You might increase your sodium intake

While nuts are nutritious, how they are prepared also matters. Roasted salted or flavored nuts can be high in sodium. Eating too much sodium could lead to high blood pressure and put you at higher risk of heart disease, stroke and heart failure, according to the American Heart Association. Try to choose unsalted nuts if you are watching your sodium intake or if you have high blood pressure or diabetes.

You might ingest too much of certain micronutrients

Over time, overeating certain types of nuts—specifically Brazil nuts—could lead to selenosis, also known as selenium intoxication. Brazil nuts have the highest concentration of selenium of all nut varieties, with every gram containing 35 micrograms of selenium, which is about two-thirds of the recommended dietary allowance. In other words, eating one to two nuts per day already meets the daily requirement, and a 1-ounce serving contains 544 micrograms of selenium, which is roughly 989% of the RDA. For reference, the maximum daily recommended intake of selenium is 400 micrograms. Regularly eating more than that could lead to fatigue, weakness and burning or prickling sensations—all of which are signs of selenium intoxication.

Which types of nuts should you eat every day?

Generally speaking, each nut type offers different amounts and types of nutrients, so eating a variety of nuts is recommended. That said, it’s best to enjoy Brazil nuts in smaller portions and more occasionally to avoid selenium intoxication, as noted above.
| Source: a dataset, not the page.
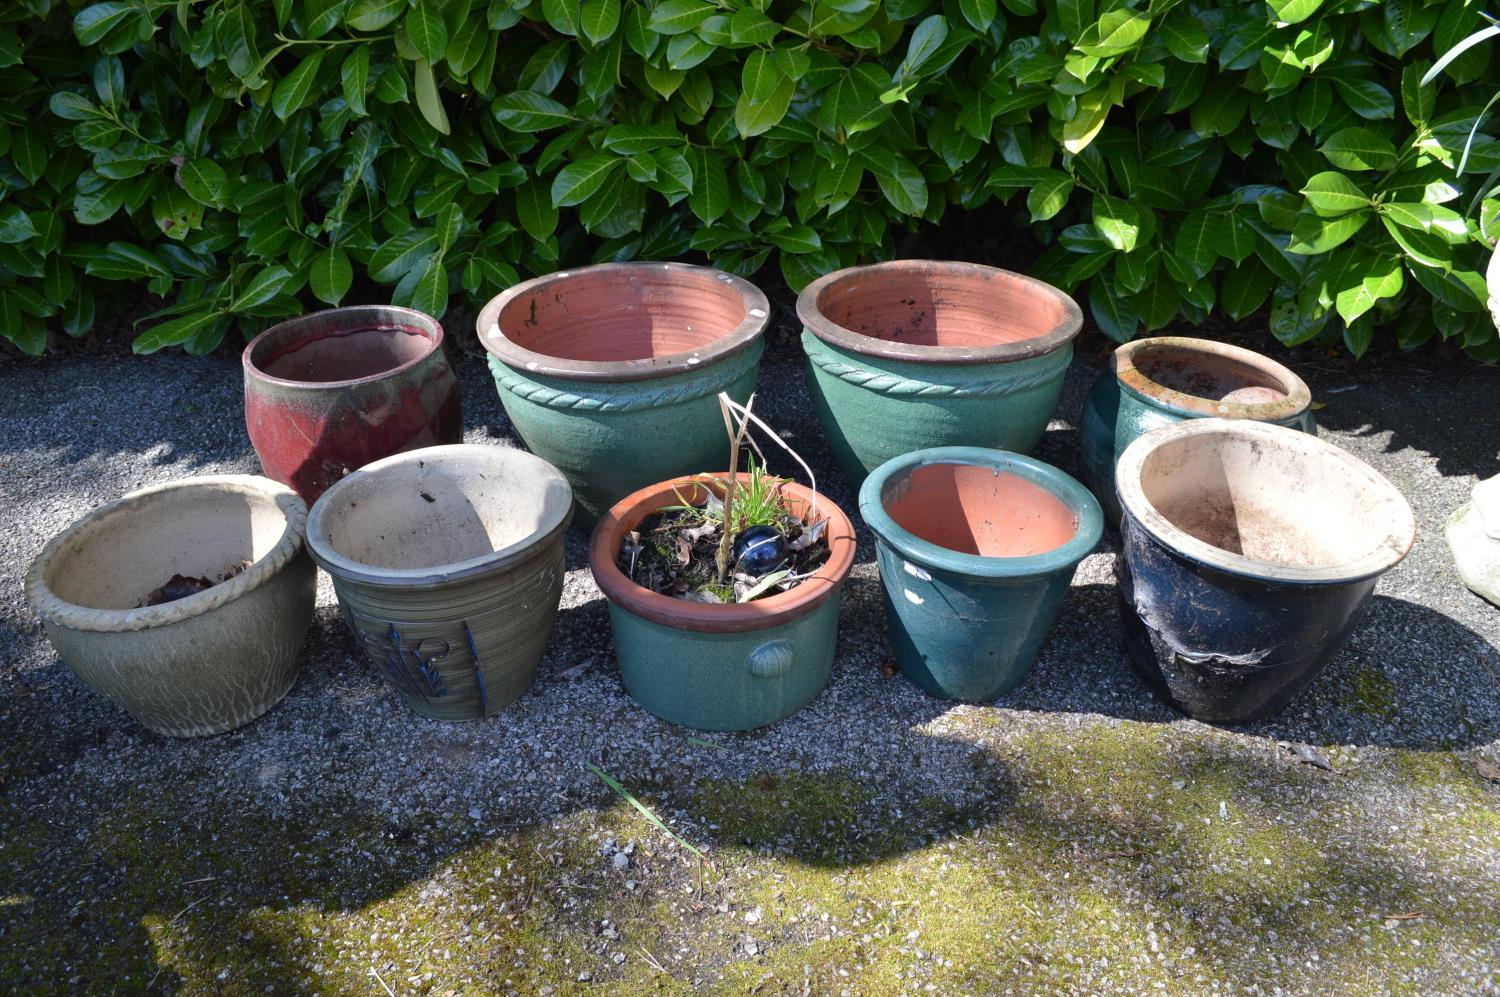 Group of nine various glazed plant pots - largest 37cm dia x 31cm tall Please note descriptions

Additionally, the portion size of nuts you eat also matters. As much as nuts are nutritious with heart-healthy fats, they are also calorie-dense. As a general rule of thumb, follow the USDA My Plate for an appropriate serving of nuts. Depending on your age and calorie needs, the number of servings of protein you need may differ. One serving of protein is equivalent to 12 almonds, 24 pistachios or 7 walnut halves, or 1 tablespoon of nut butter. Research reported that eating one serving of nuts daily may reduce the risk of heart disease by 27%, compared to those who eat only one serving per week, which lowered the risk by 4%.

The bottom line

If you are not allergic to nuts, it is totally OK to enjoy a small handful of nuts every day (be sure to check for shriveling or blemishes, which can be a sign your nuts have gone bad). If you have specific health concerns, such as high blood pressure and diabetes, you may want to choose unsalted nuts rather than salted or flavored ones. As with any food, eating nuts in moderation may offer potential health benefits. They’re perfect for snacking as they are, but you can also include them in recipes like Cranberry-Almond Energy Balls, Cherry-Chocolate Chip Granola Bars or Baked Banana-Nut Oatmeal Cups to shake up your routine.